_PROBLEM TO WORK ON_.
Could you print the stretch of lines below from the one with "Plain Green Wallpaper" through the one with "Clocks clipart orange.", exactly as they stand and without any pictures?

_AVAILABLE DATA_.
---

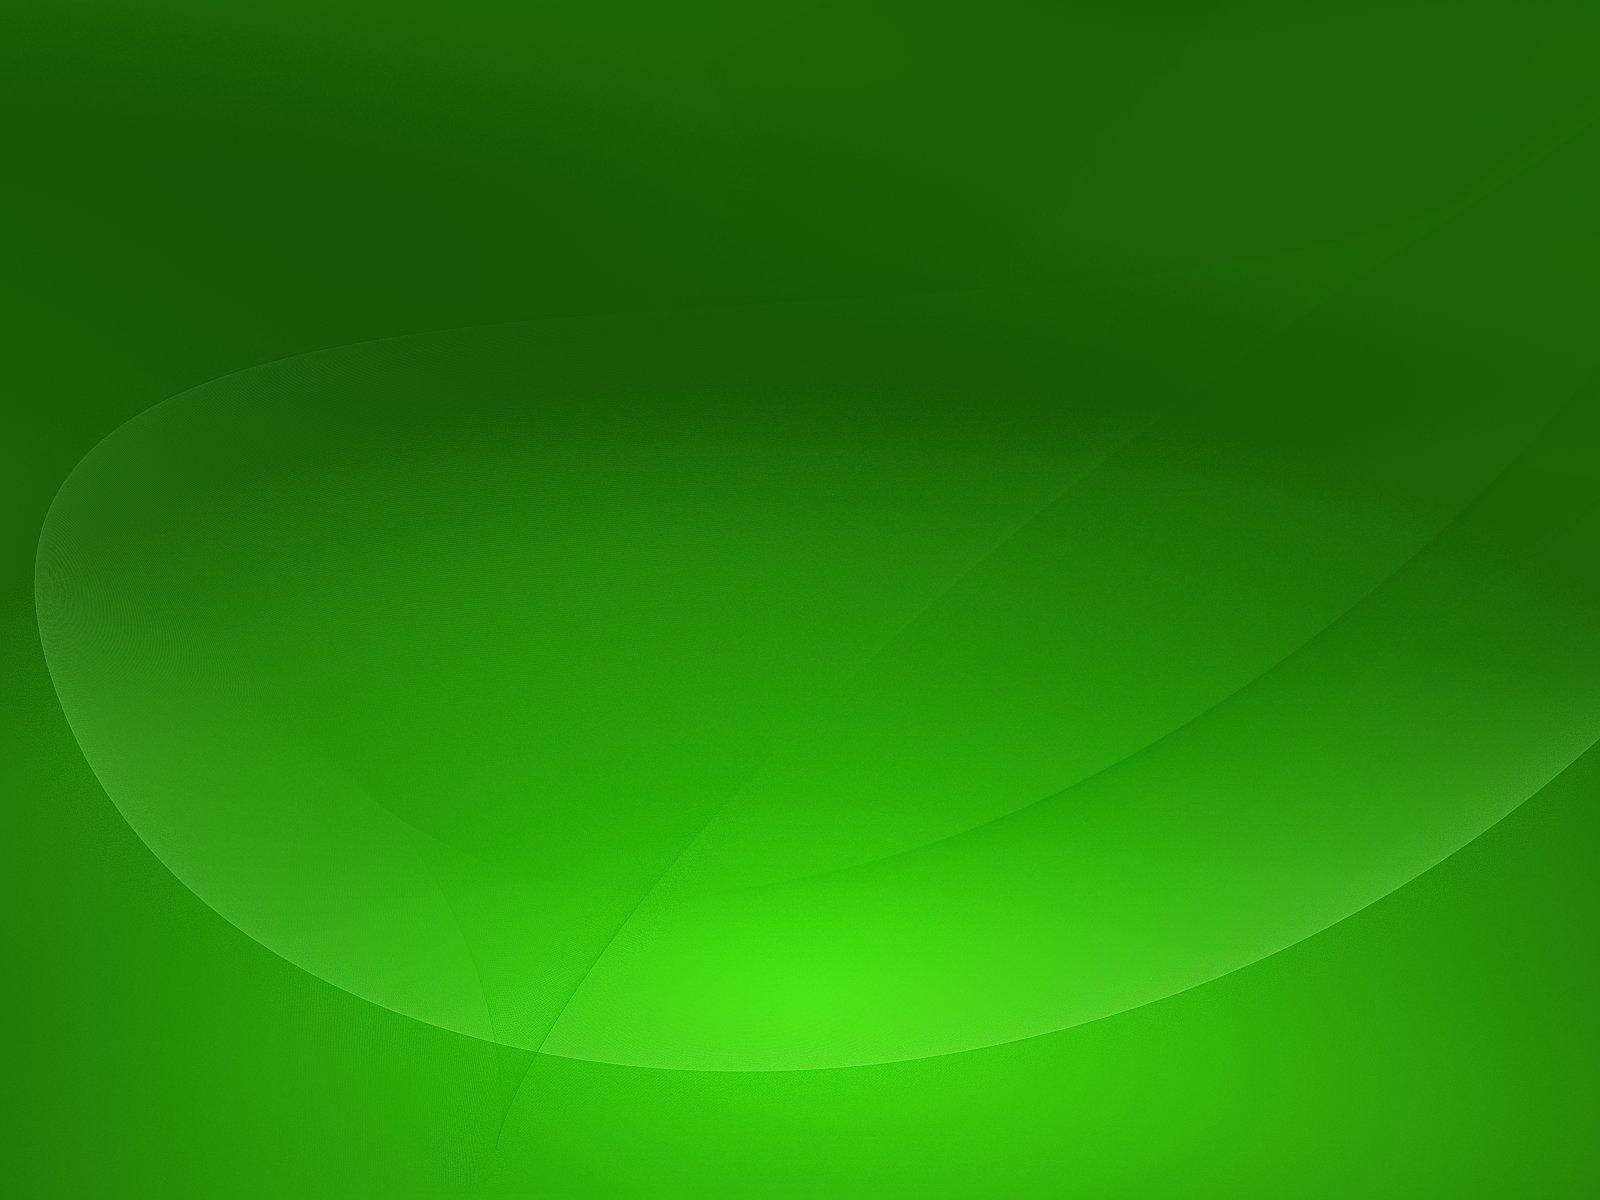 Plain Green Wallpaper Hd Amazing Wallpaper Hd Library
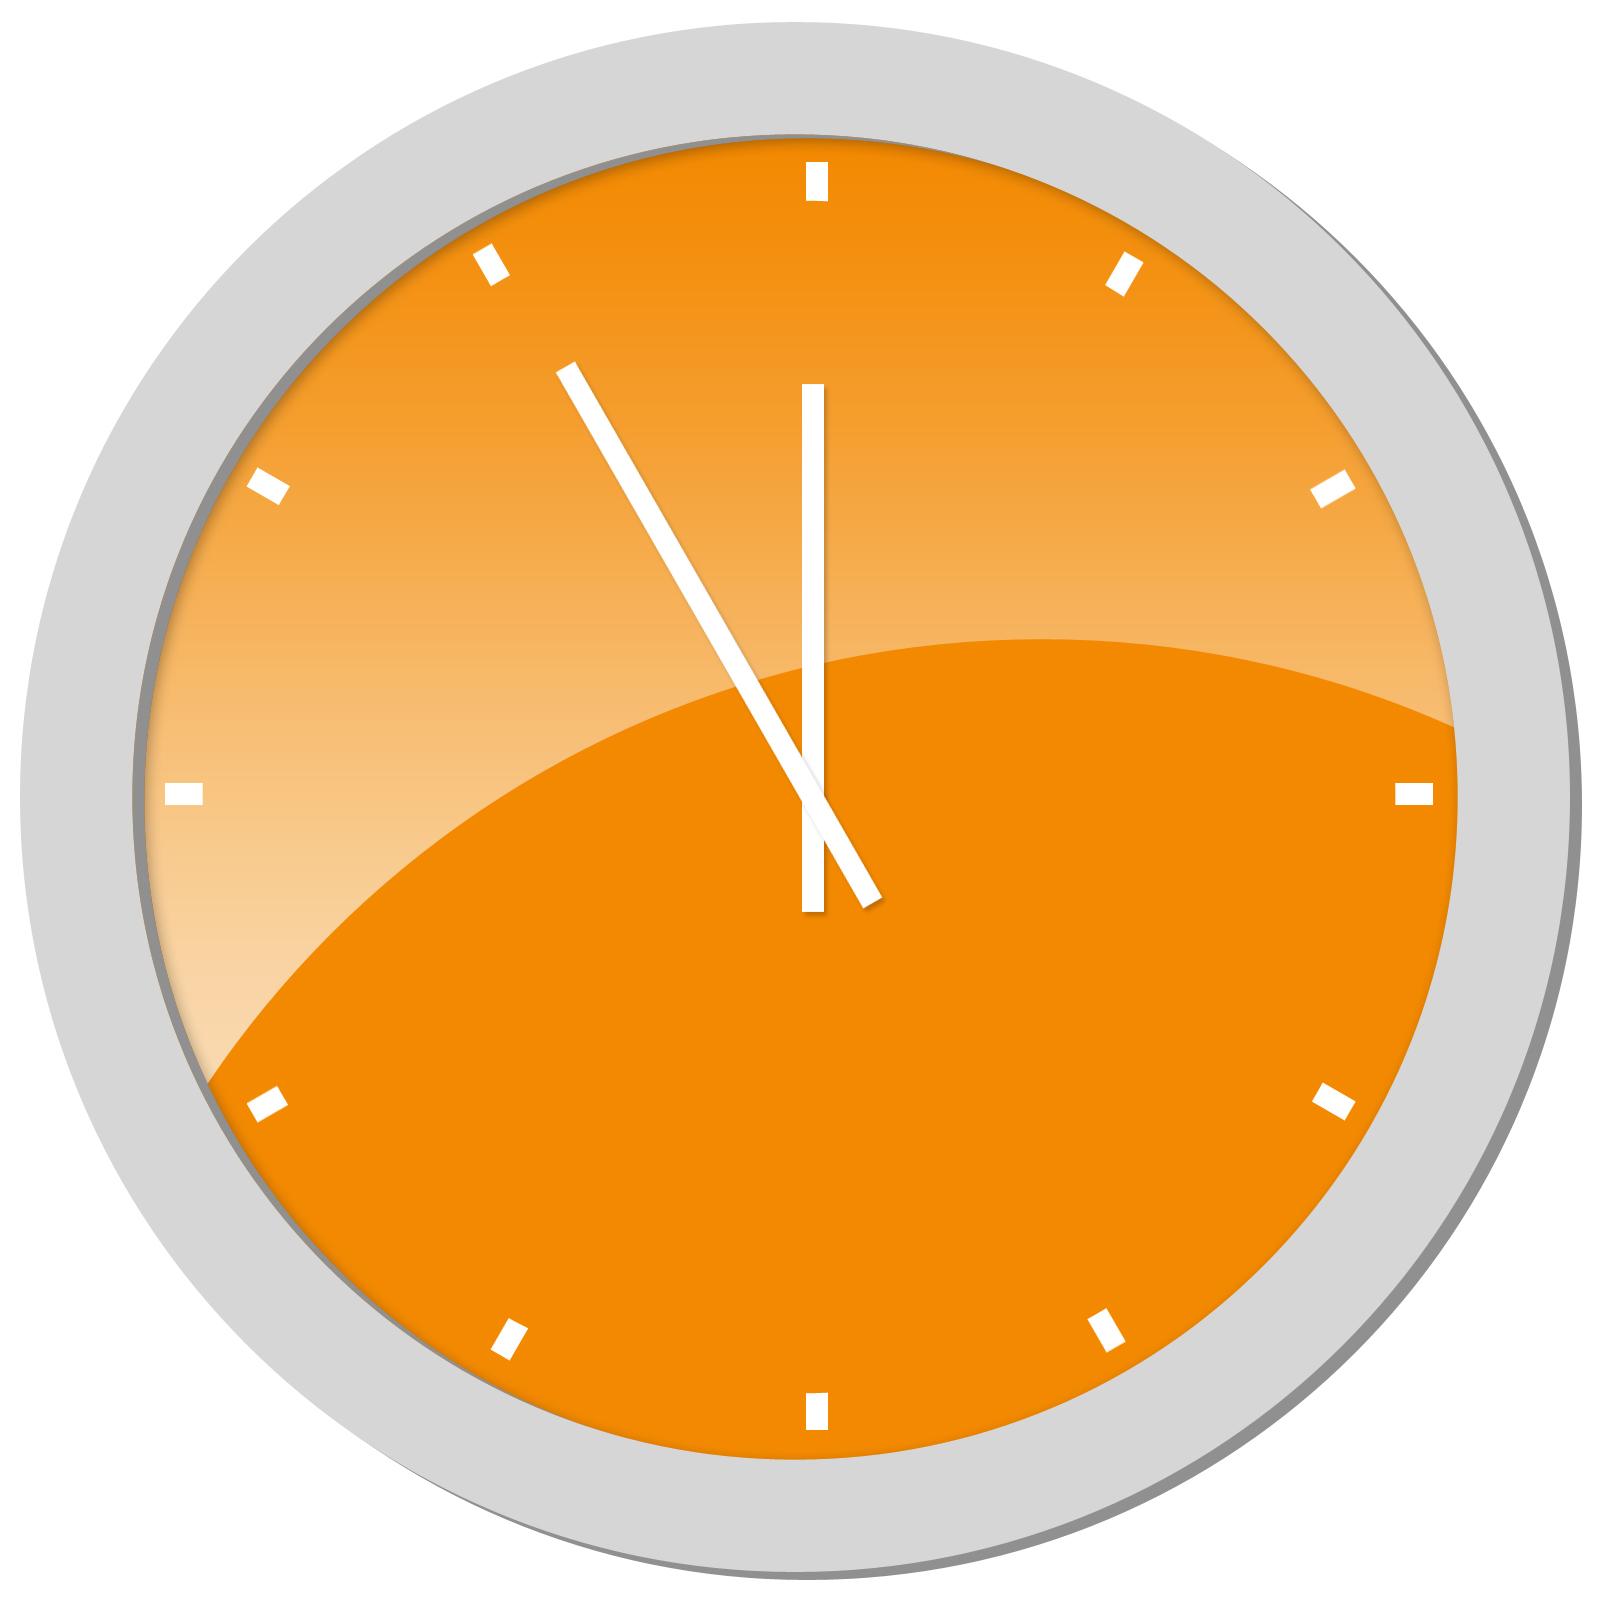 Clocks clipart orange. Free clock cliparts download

---

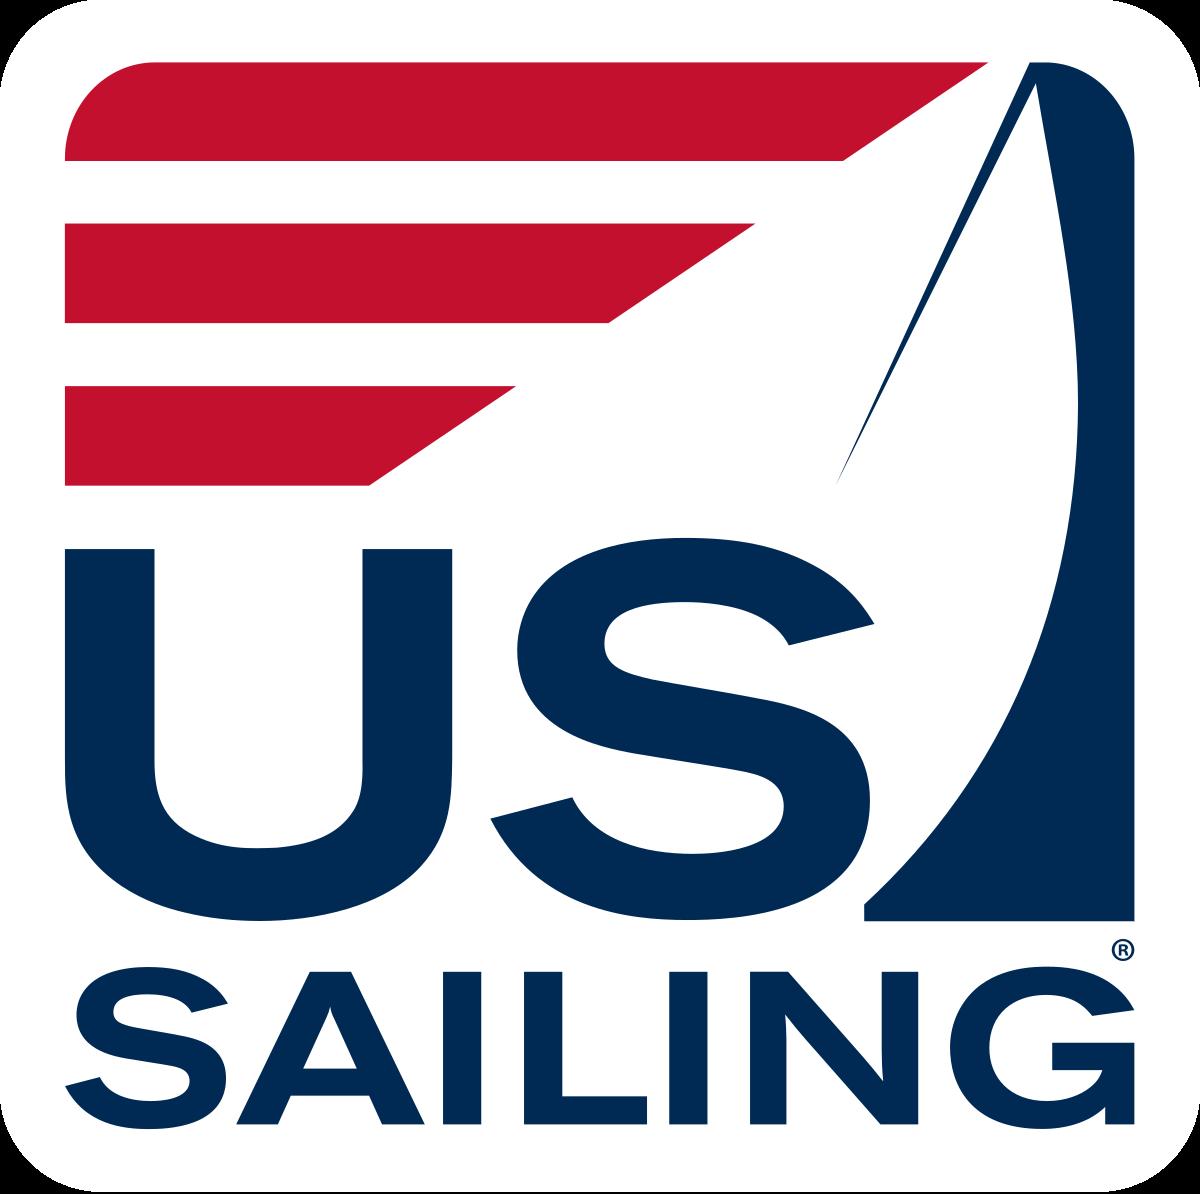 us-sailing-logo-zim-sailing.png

---

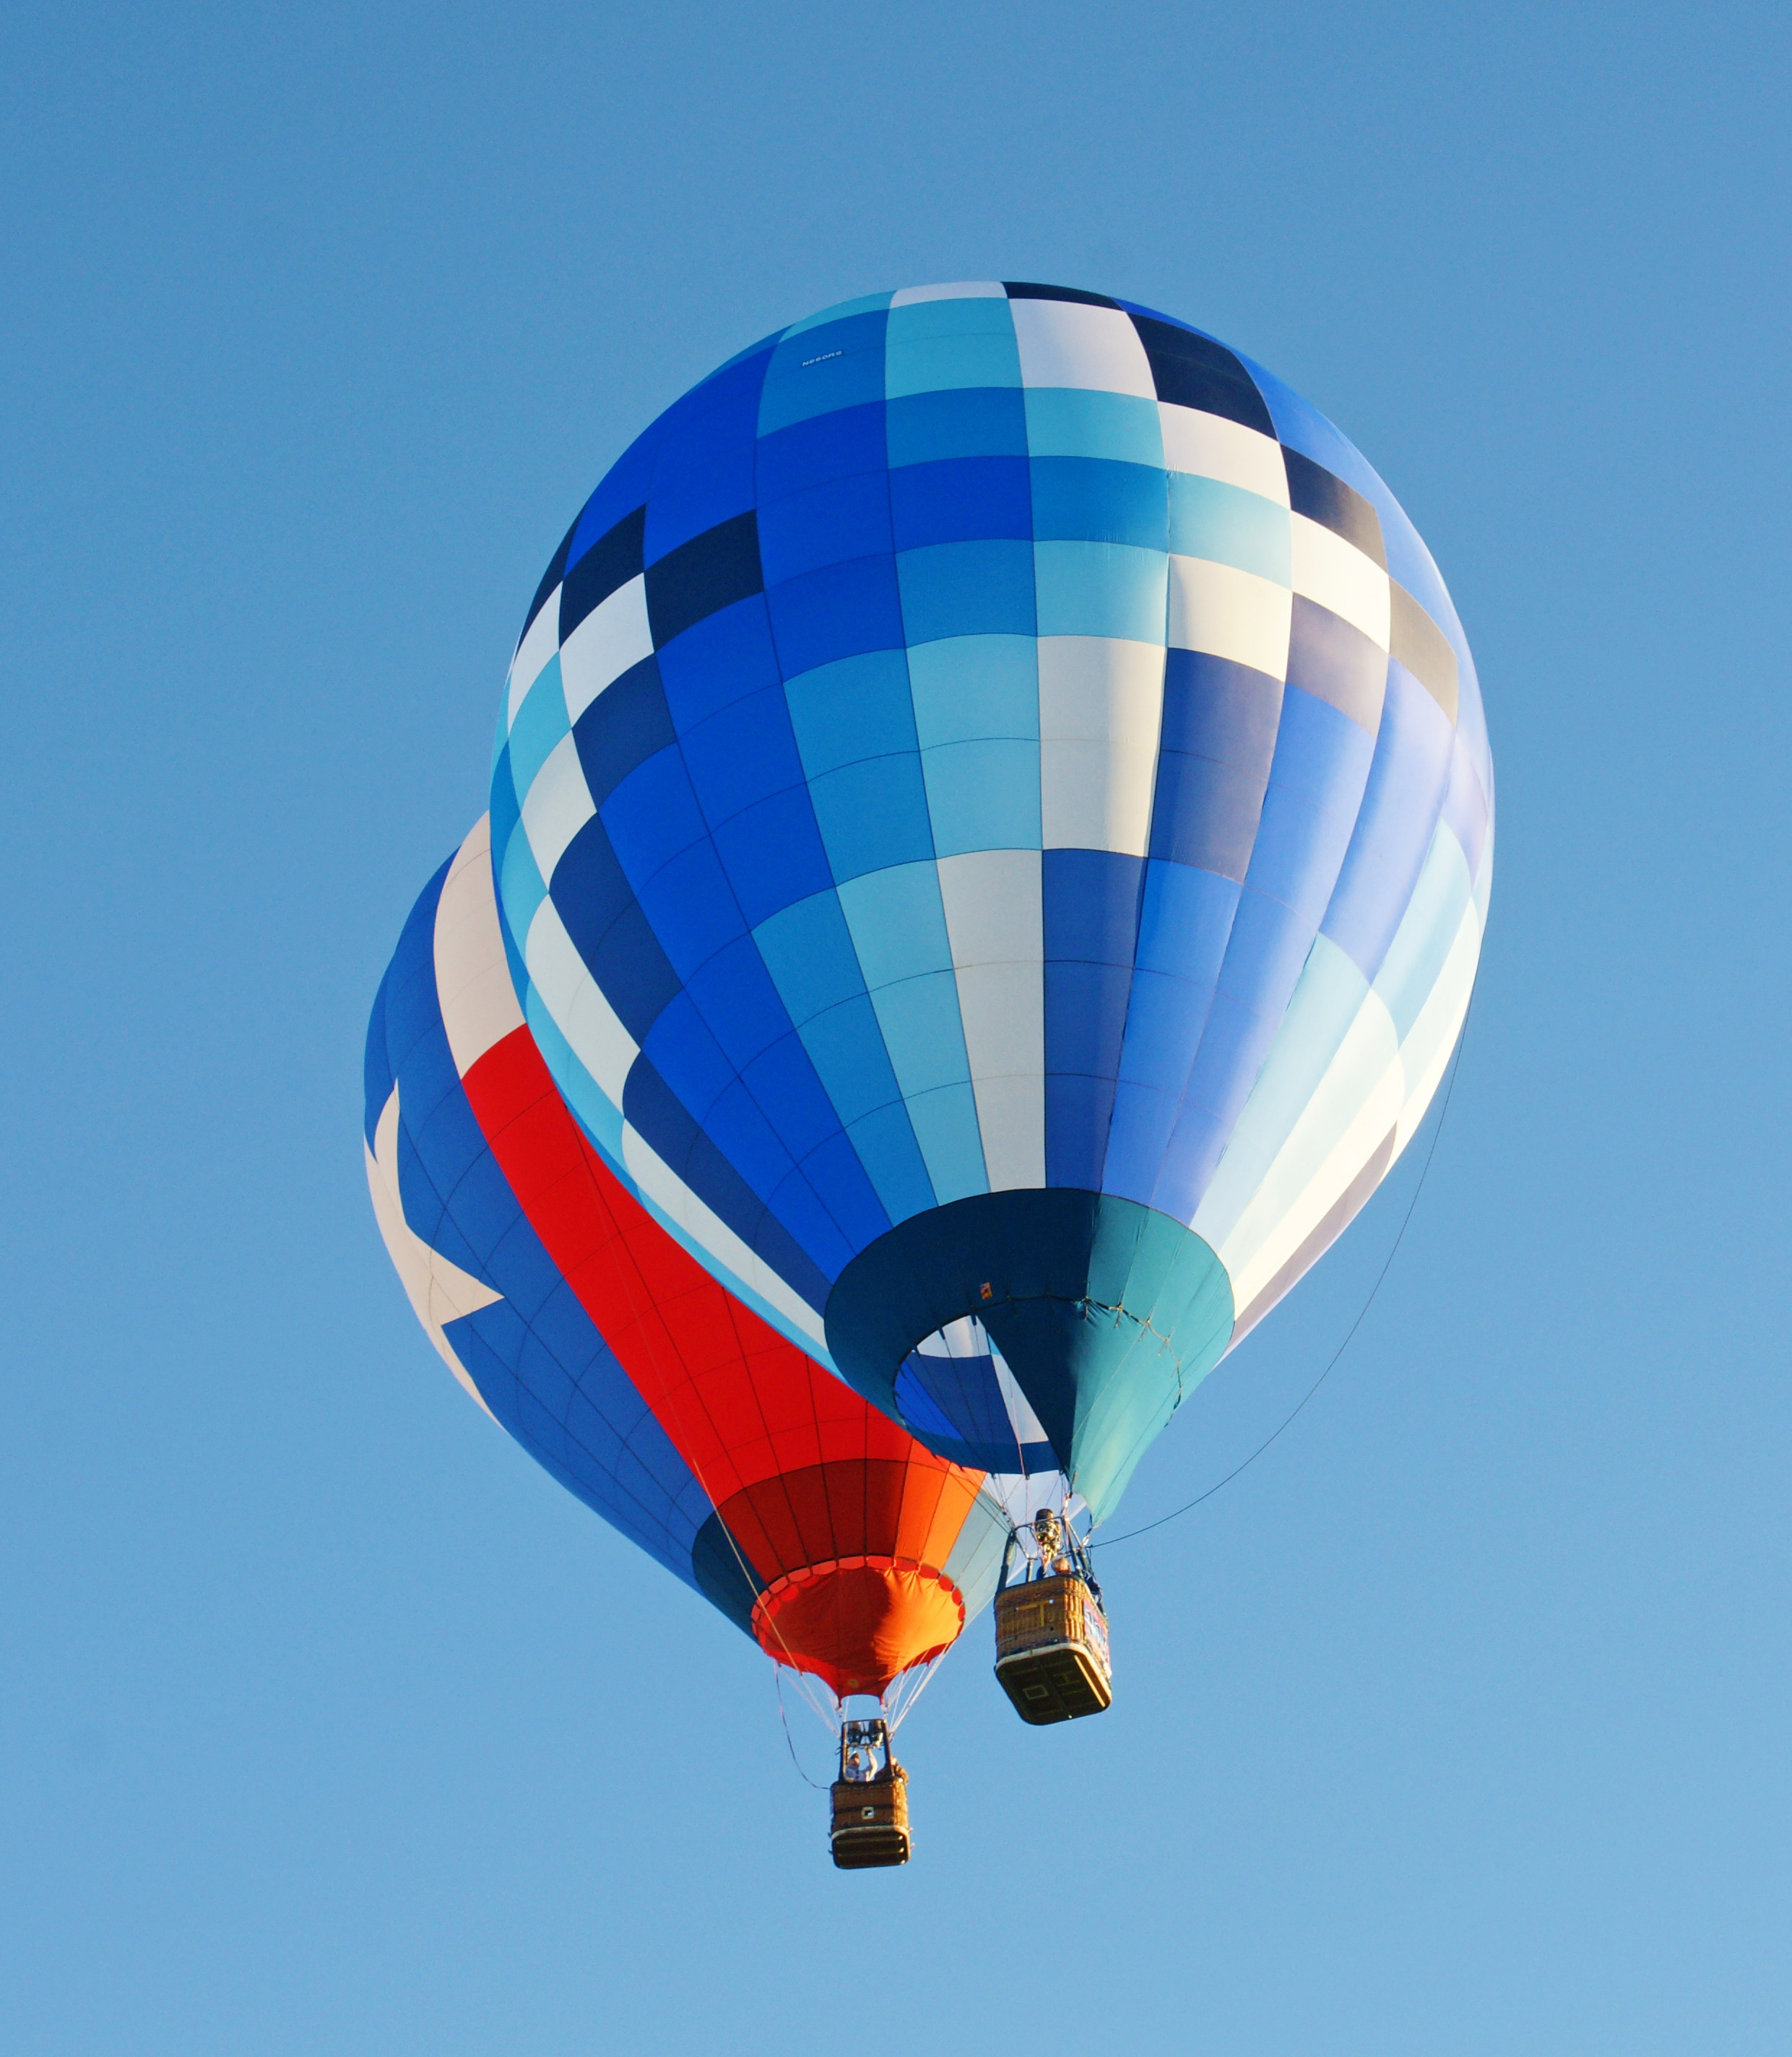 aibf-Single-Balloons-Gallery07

---

_EXERCISE SOLUTION_.
 Plain Green Wallpaper Hd Amazing Wallpaper Hd Library
 Clocks clipart orange. Free clock cliparts download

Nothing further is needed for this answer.